There’s only one dicey part? That’s great news!

This is going to be the first dicey part.

Fantastic. So what is the dicey bit just now?

Kid crouched at the mouth of a drainage tunnel poking out of thick undergrowth, looking each way before edging out, slipping under the nearby ramp of the highway, weaving through twisted concrete growths looming in the burnt glow of the streetlights like reaching, grasping specters in the pre-dawn. He ducked into the shadow of the smallest of the concrete twists, peeking around at the empty intersection.

Not getting hit by cars crossing the street?

I think we’re pretty good at that by now.

Gah. Focus. Why are we here?

Wait, I thought that’s what we were trying to figure out?

Not ‘here’ as in ‘in existence’. Just right now. ‘Here’ as in ‘this particular place’.

We are here because this was the exit closest to the sea wall.

And going to the seawall because?

Longest section of elevated wall running to the market.

And we want an elevated path because?

Because we. . . Oh. I see what you mean.

This is the longest stretch of surface level on the route, so one of the higher chances that we get seen.

And since being seen might mean getting beaten, we don’t want to be seen. Ok, I’m back in gear.

Which is why we are hunched by this curvy stone thing in the morning dark, checking to see if there is anyone around before we make a run for it.

After the cursory search revealed no lurking packs of marauders Kid bolted across the narrow intersection tucked beneath the overpass.  Just across the street Kid slipped over a footbridge that branched across train tracks to a little resting area overlooking the waterfront.

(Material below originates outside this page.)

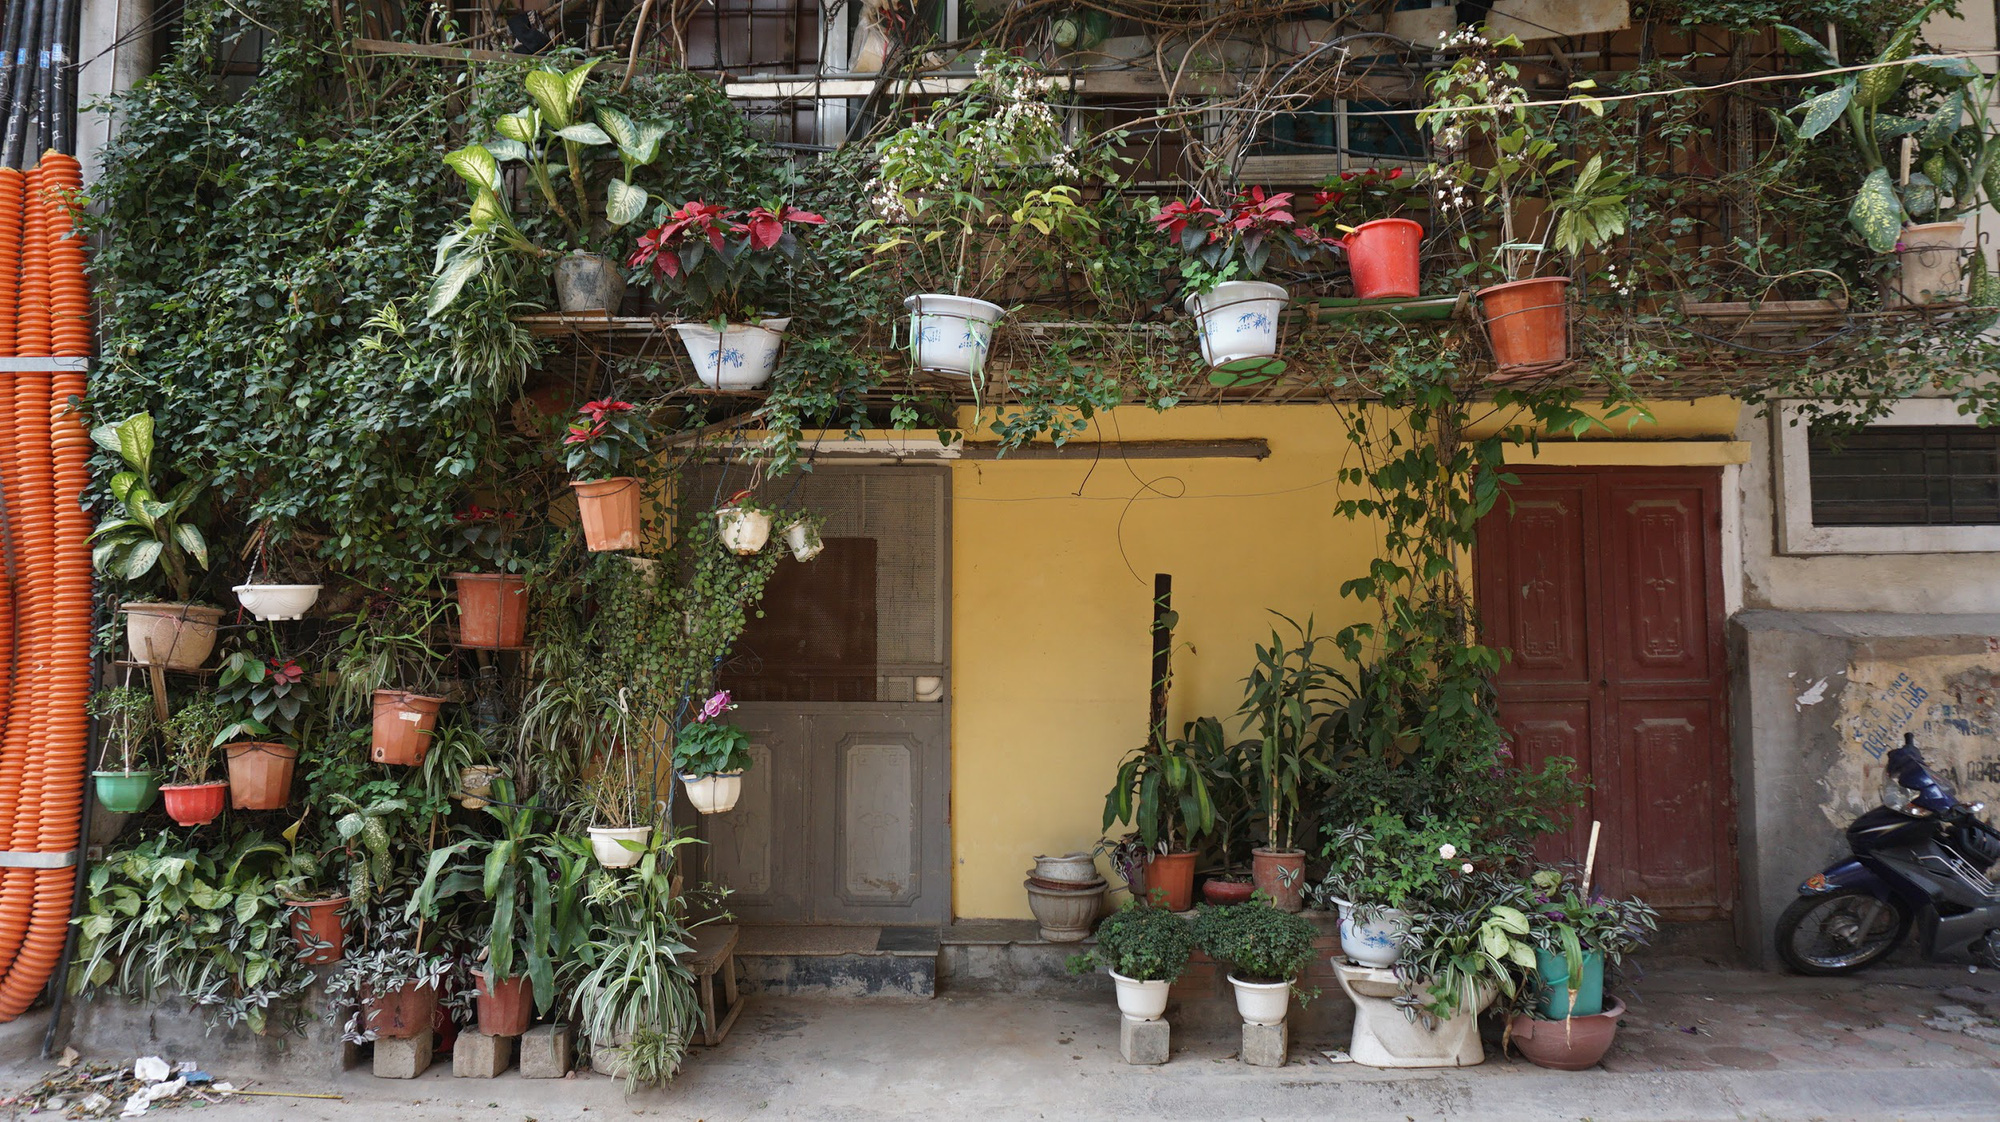 Nhà cây 5 tầng phủ kín hoa giấy ở Hà Nội, ai đi qua cũng dừng lại ngắm - Ảnh 8.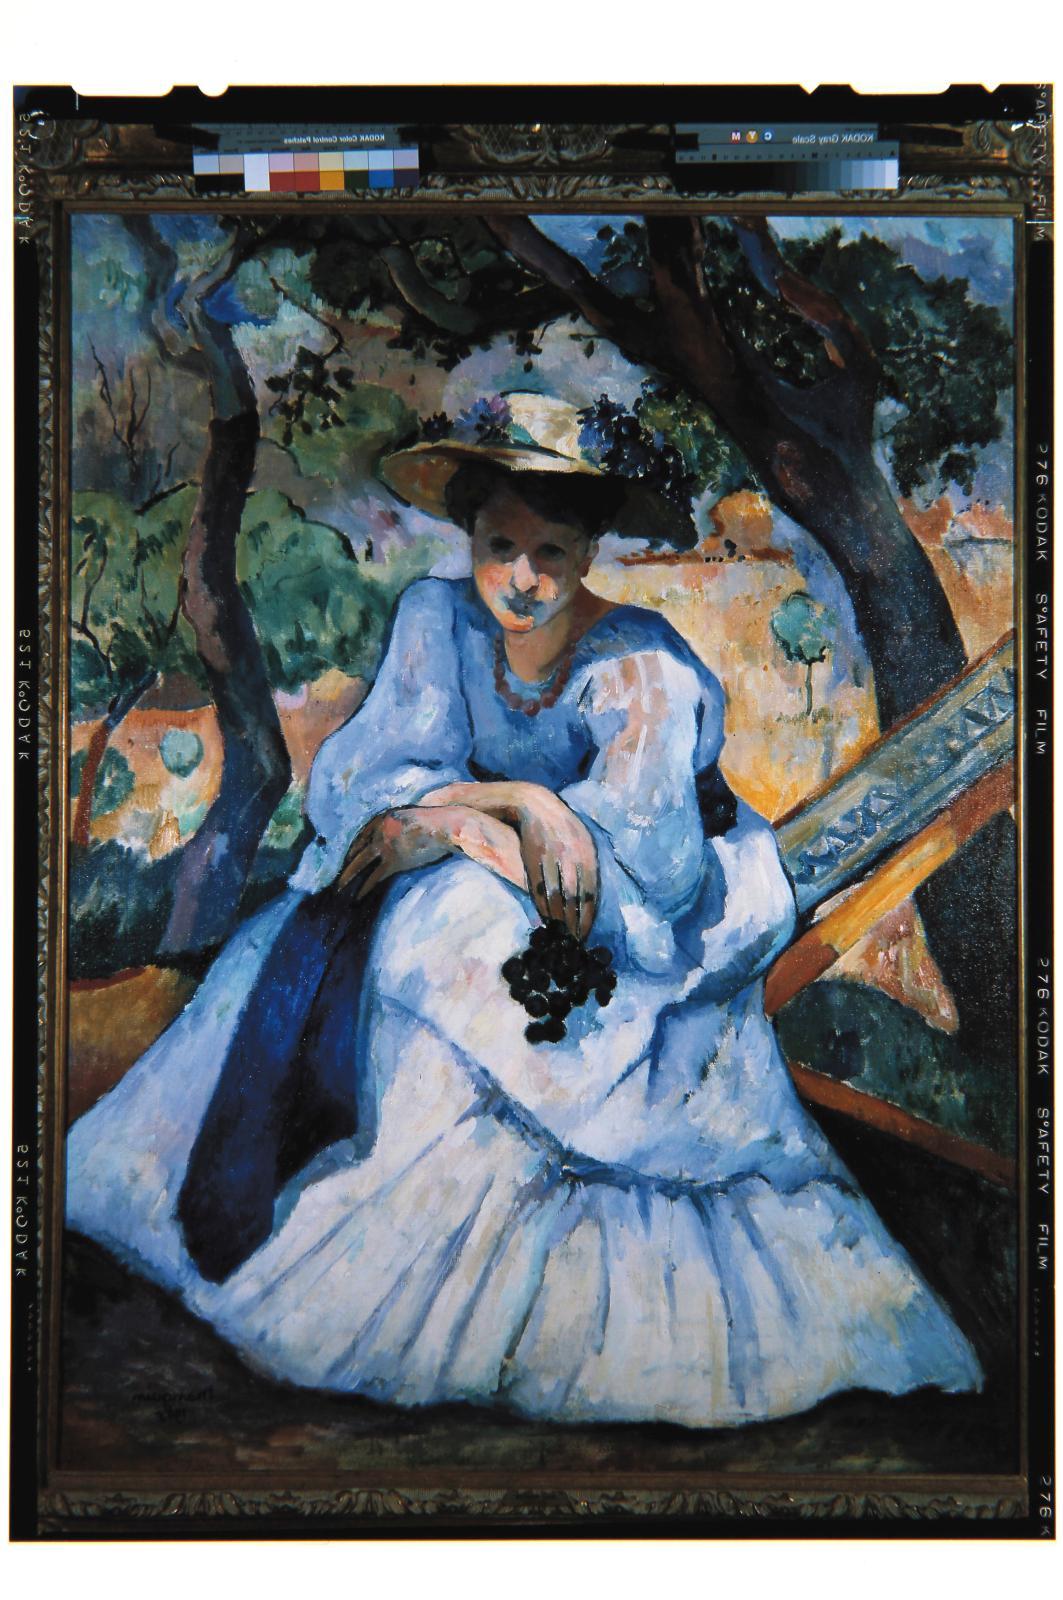 Henri Manguin, La Femme à la grappe, 1905, collection fondation Pierre Gianadda. © collection Pierre Gianadda

Low benches masquerading as steps nested up to the pool of a central fountain, faded little flowers dotting the tiles.  Stairs descended to the lower boardwalk, looping around the support beam holding loft the small viewing deck. Rails interwoven with vines and shrubbery bound the platform edge, beyond which the gleam of the moon hung above her reflected twin in the still water of the bay.

A look around at the empty waterfront, and Kid hopped to the top of the railing at the edge of the suspended micro-courtyard, where rail met the wall of the adjacent building. A hand on the wall to stabilize himself, Kid stood. He reached to grab the edge of the roof, just above his head, and with a quick surge, pulled himself up to the roof.

As he snapped a look over cluttered rooftop Kid turned to jump onto the waist-high support wall bracing the back of the building, furthest from the water. Twisting to square the wall beneath him, Kid rose and began running along the wall, parallel to the waterfront, twin moons at his side.

Like escorts!


Like two big sisters, holding our hand, walking us to the first day of the future.

Is he broken?

Shut up. I liked it.

How cool would it be to have another moon?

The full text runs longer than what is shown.